Now lets start from the beginning to make things clear. Android is a mobile operating system (OS) based on the Linux kernel and currently managed by Google. Just managed by Google? I thought Google created it? Nope! Just like YouTube, Android was also acquired by Google. This mobile operating system was initially started by Android, Inc., (Thank you Andy Rubin!) then later Google backed them financially and they later bought in 2005. Now it’s a Google product.

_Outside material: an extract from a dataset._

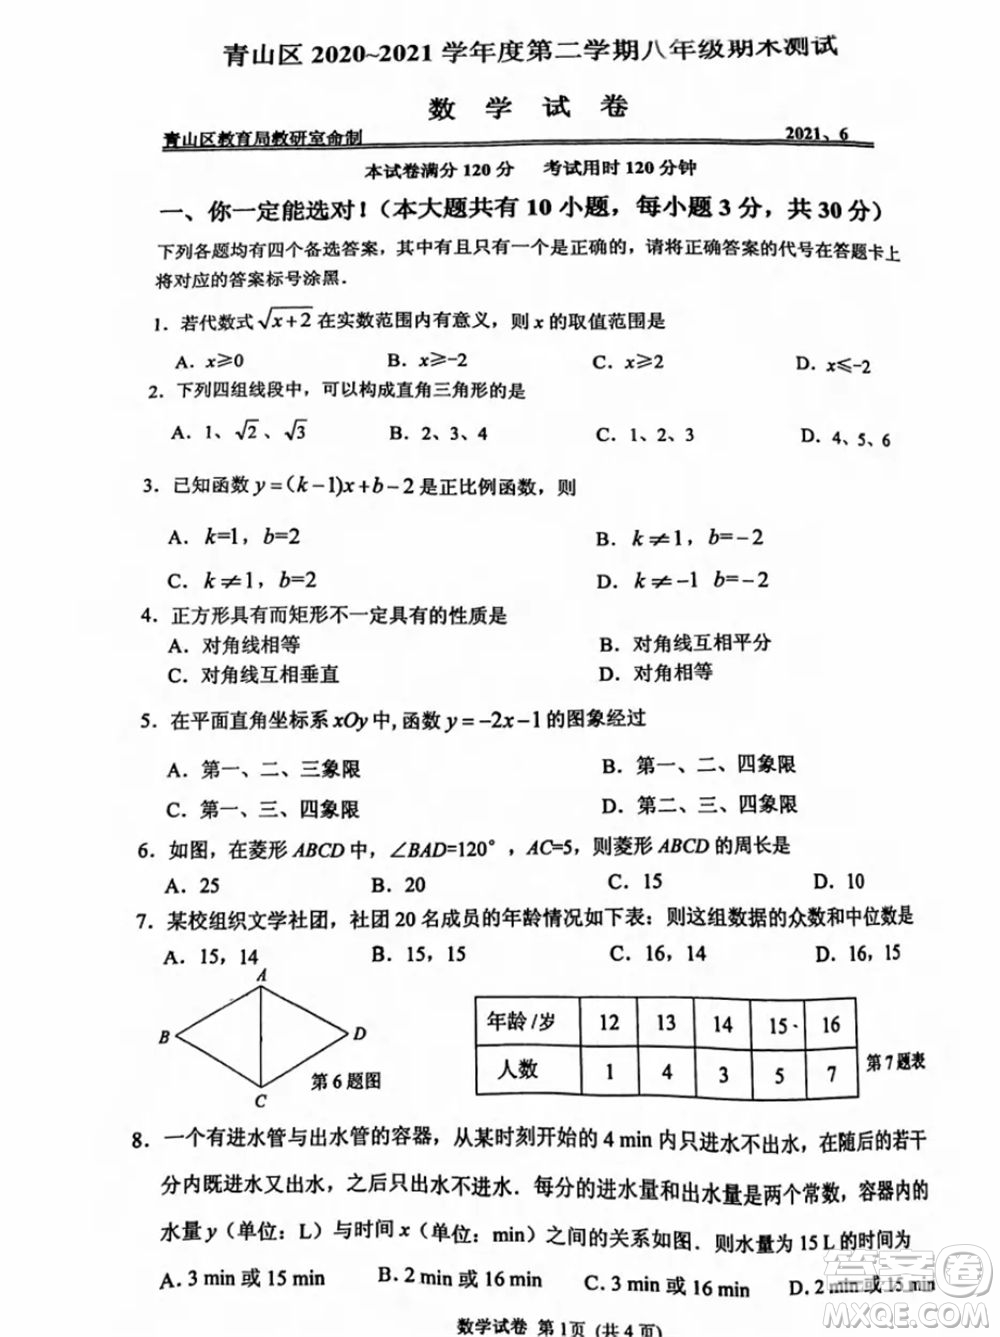 武汉市青山区2020-2021年度下学期八年级期末考试数学试卷及答案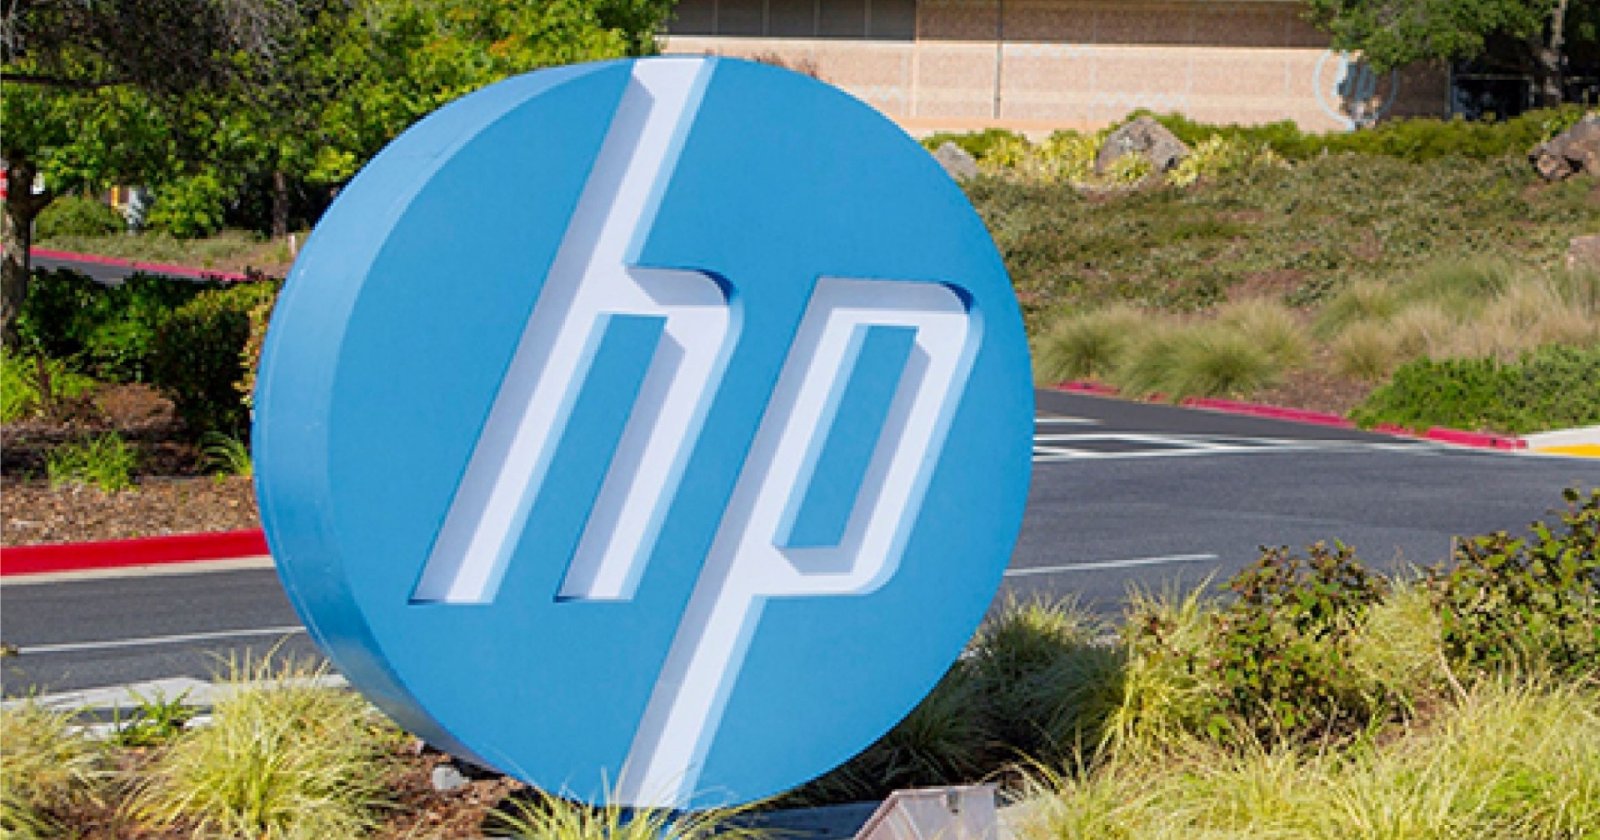 ศาลไม่ยกคำร้องที่ลูกค้าฟ้องว่า HP จงใจทำให้เครื่องพิมพ์สแกนไม่ได้หากไม่มีหมึก

Google released Android’s source code under open source licenses.

What Is Stock Android?

Stock Android is the default OS, I mean, the OS that Google usually keeps on their own devices like Nexus products. Google Nexus 5 has Stock Android whereas my Sony Xperia Z1 doesn’t have. Is there any big difference? Stock Android is the OS which Google originally designed without my modifications, let it be the UI or any add-on features. It has the pure Android kernel Google designed. It’s a bit complicated to explain the pros and cons of Stock Android smartphones, but once you can use both the devices (with and without Stock Android), then you can easily understand the changes and how impactful that is.

What Is Stock Android

Google Play editions normally come with Stock Android OS. It is very limited and you can’t find this on other brands unless they are into some sort of arrangement. You can, for example, take Samsung’s Touchwiz. TouchWiz is a front-end touch interface developed by Samsung Electronics. If you buy a Samsung smartphone or tablet, and if it comes without Stock Android, then you’ll be probably stuck with their Touchwiz interface. These are usually called as “Skinned Android”. The same occurs for other smartphones and tablets as well.

But if you ask me, whether Stock Android is capable of making a device more worthy, then I’ll probably stay neutral. Because it really depends to be honest, take Sony Xperia for instance, they can’t design their smartphones keeping Stock Android in mind, their features could collide with the OS and it might not work well. It might turn out to be a bad experience. But many still prefer Stock Android just because it can get immediate updates from Google, let it be their new application or a new Android version itself, you’ll be their top priority.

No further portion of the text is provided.